Muzzling democracy

The tearing hurry with which some of the controversial legislations were pushed through reflected govt’s authoritarian streak

AuthorPublished: 25th Sep 2020  12:07 am

The just-concluded monsoon session of Parliament, the shortest in the recent memory, will be remembered more for bypassing the well-established conventions and procedures than for the official business it transacted. A healthy debate with room for nuance and scrutiny is what makes the democracy vibrant. Unfortunately, the brute majority had its way in muzzling the voices of dissent while the long-held norms and procedures were thrown to the winds using the coronavirus pandemic as an excuse. If the suspension of the Question Hour eroded the right of the members to confront the government on public issues and hold the executive accountable, the tearing hurry with which some of the controversial legislations were pushed through reflected the government’s authoritarian streak and utter disregard for democratic debate. A Parliament session is not merely about some technicalities of procedures and rules but about displaying the spirit of accommodation, allowing wider consultations and subjecting government Bills to greater scrutiny.

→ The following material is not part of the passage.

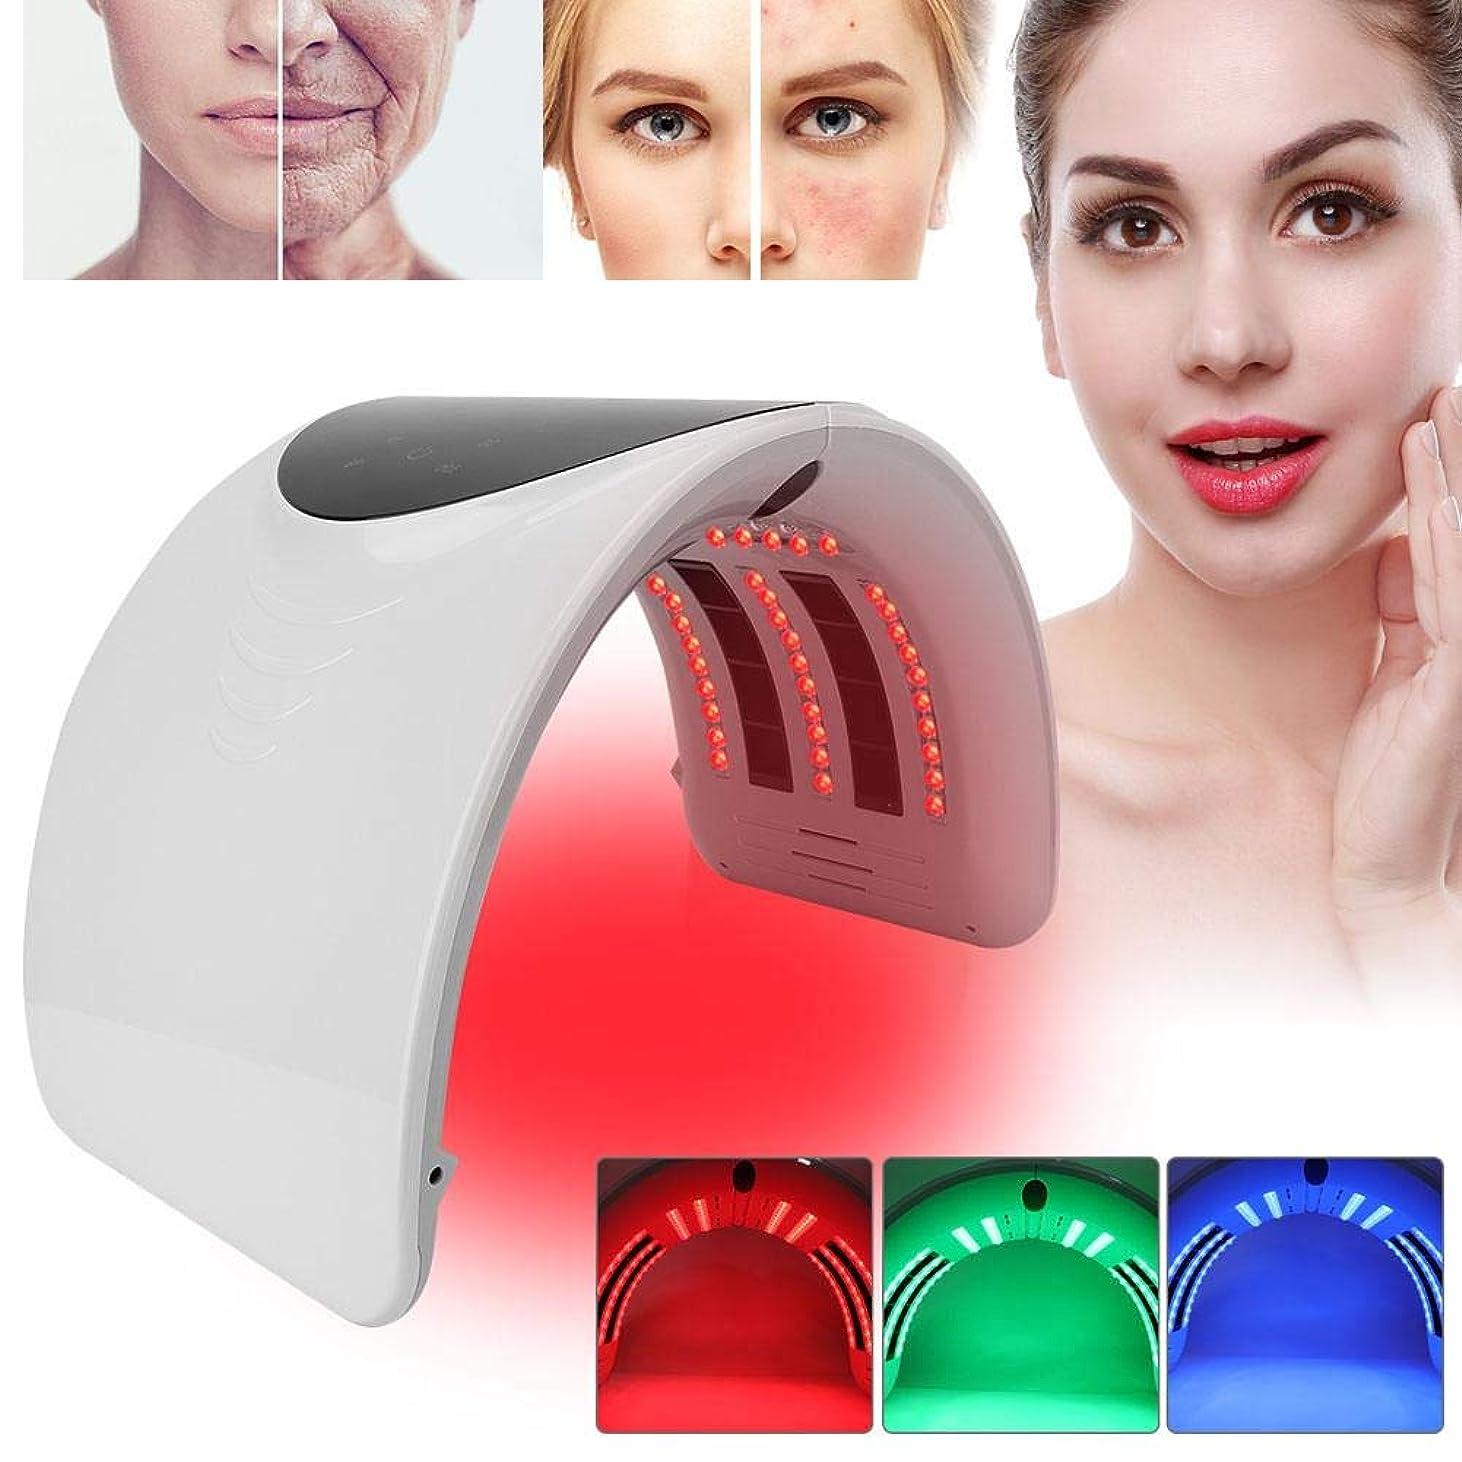 部屋を掃除する悔い改めるオンス皮のより良い機械、光子の美機械は効果的にアクネの傷およびアレルギーの皮LEDの光子機械皮の美装置を改良します(US-PLUG)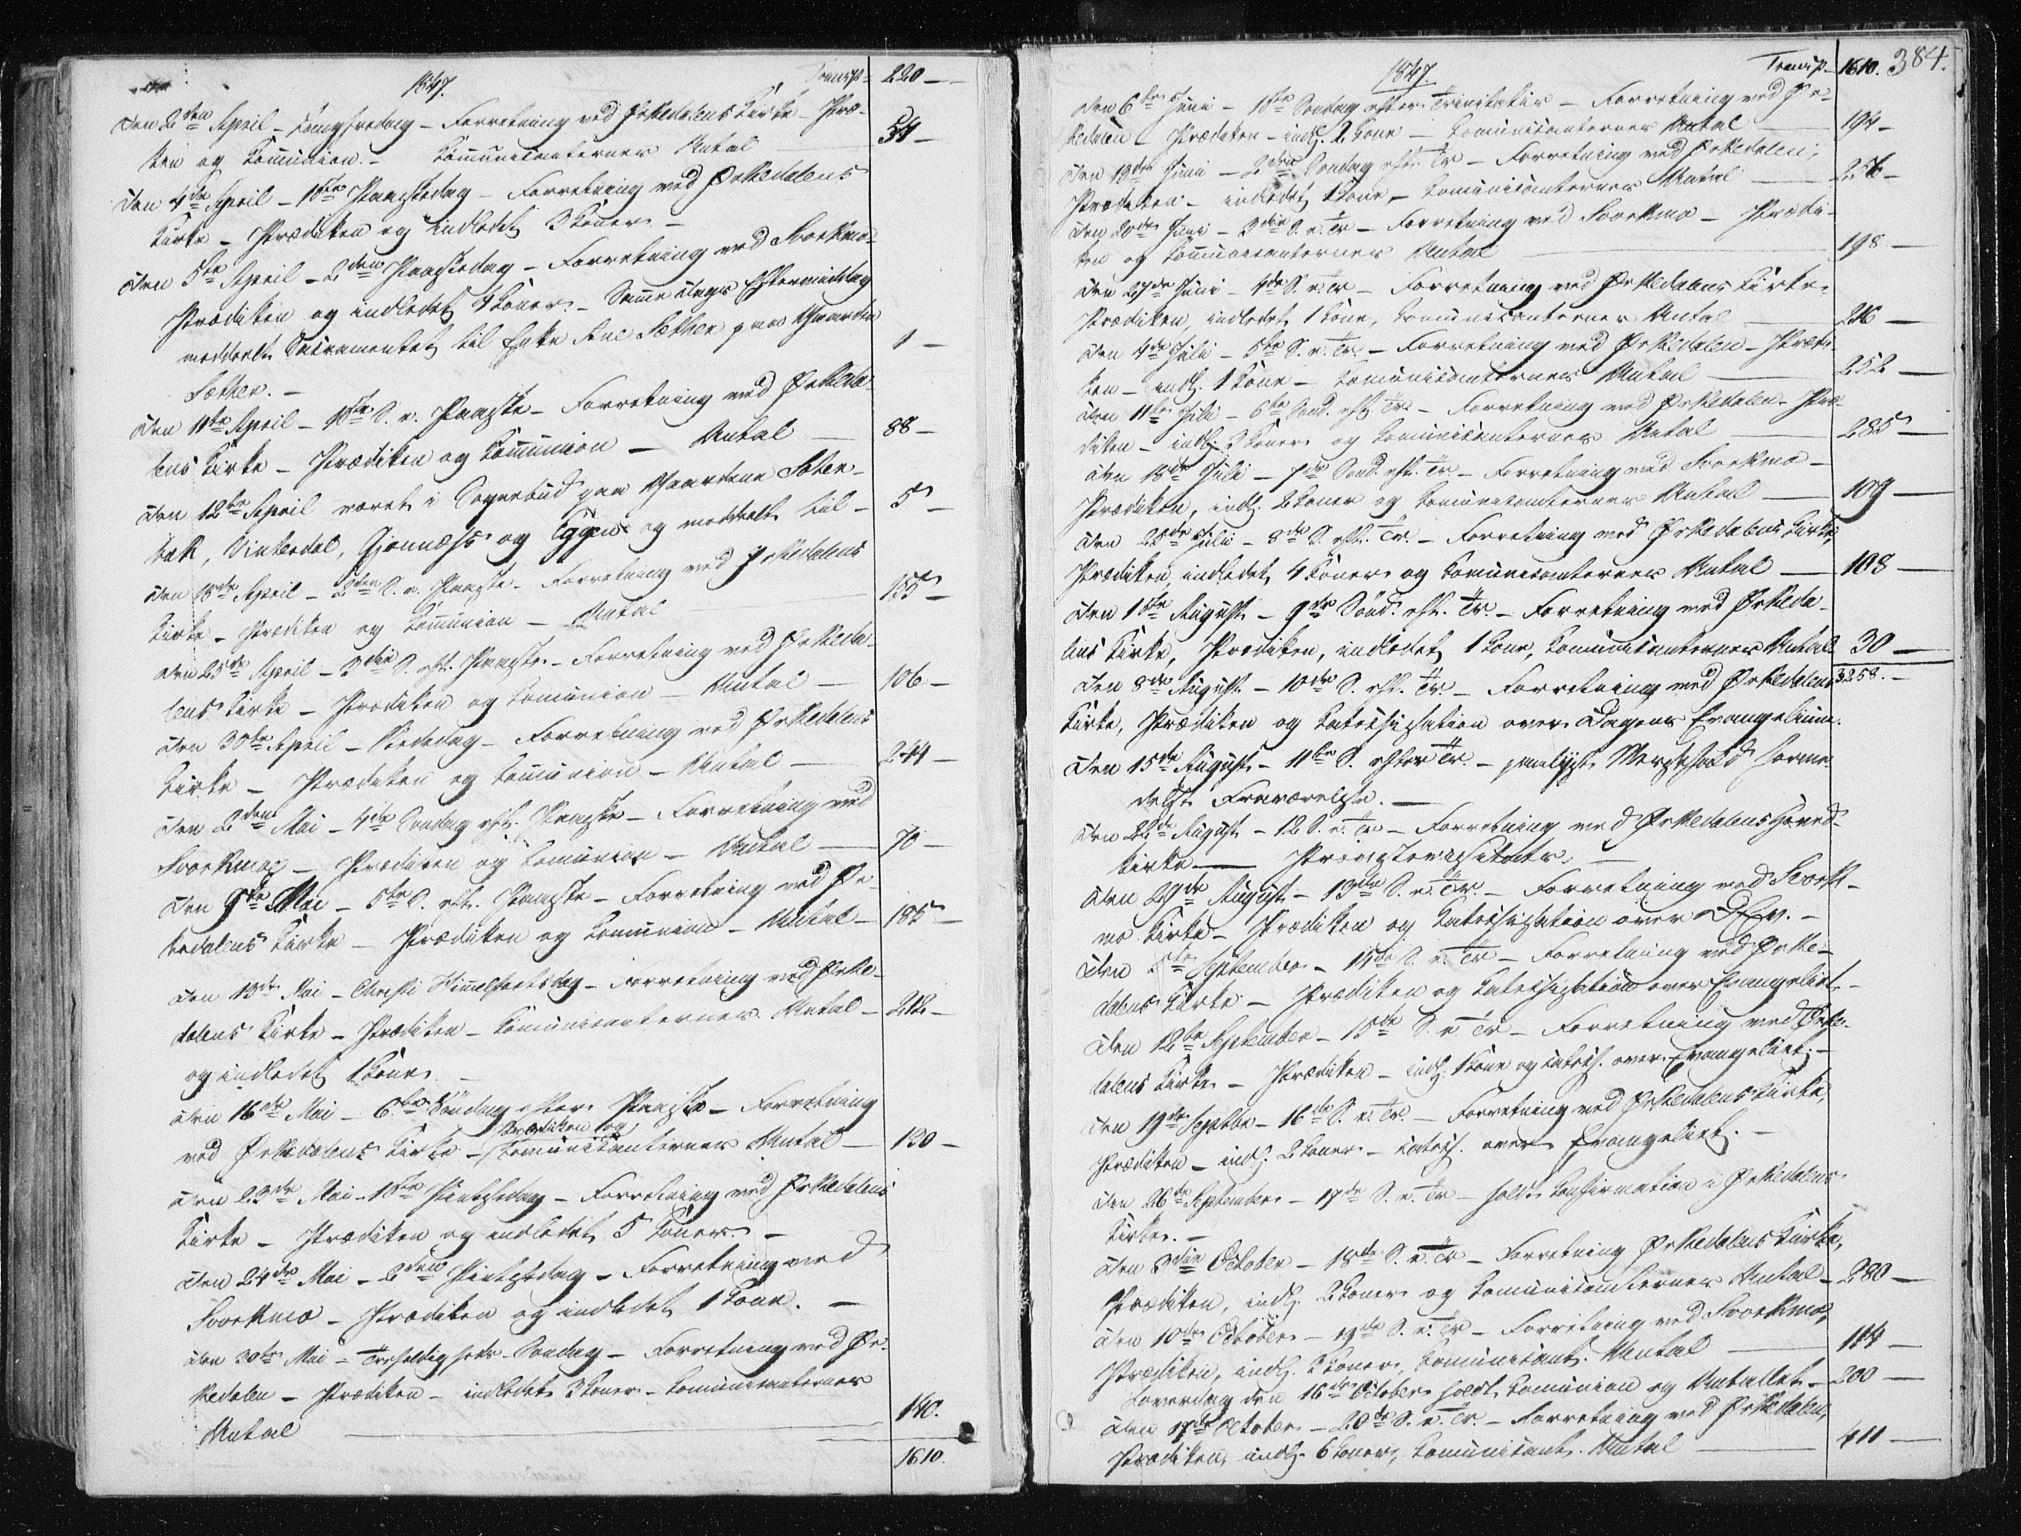 SAT, Ministerialprotokoller, klokkerbøker og fødselsregistre - Sør-Trøndelag, 668/L0805: Ministerialbok nr. 668A05, 1840-1853, s. 384

None of that was on display as the 18-day session was cut short eight days ahead of the schedule amidst tumultuous developments that saw the suspension of eight opposition MPs from the Rajya Sabha for a week for obstructing the House and the opposition, led by the Congress, boycotting the proceedings. The passage of a clutch of Bills in the absence of the opposition members does not augur well for parliamentary democracy, particularly since these legislations have a far-reaching impact on the livelihood of farmers and workers.

Farm Bills, labour code Bills, disinvestment of public sector units, the draft Environment Impact Assessment (EIA) Notification 2020 and the nod given for the construction of a new Parliament building by the government-appointed Central Vista committee were some of the policy agenda that was bulldozed in Parliament without any meaningful debate. While the farm Bills hit at the foundations of the three pillars of food security structure — Minimum Support Price, Public Procurement and Public Distribution System —, the labour code Bills have raised serious concerns over the future of workers and their occupational safety. There are widespread fears that the four labour codes, replacing over 40 labour laws, will end up promoting ‘ease of closing business’ rather than ‘ease of doing business’. The new labour law regime will make it easy for companies to lay off employees and prevent them from striking work. The Centre needs to address the concerns that the farm Bills and the amendments to the labour laws were meant to protect the interests of corporate India at the cost of welfare of farmers and labour, rather than building a mechanism for a well-negotiated social contract among them. The simplification of the existing plethora of labour laws should not lead to undermining the rights of workers.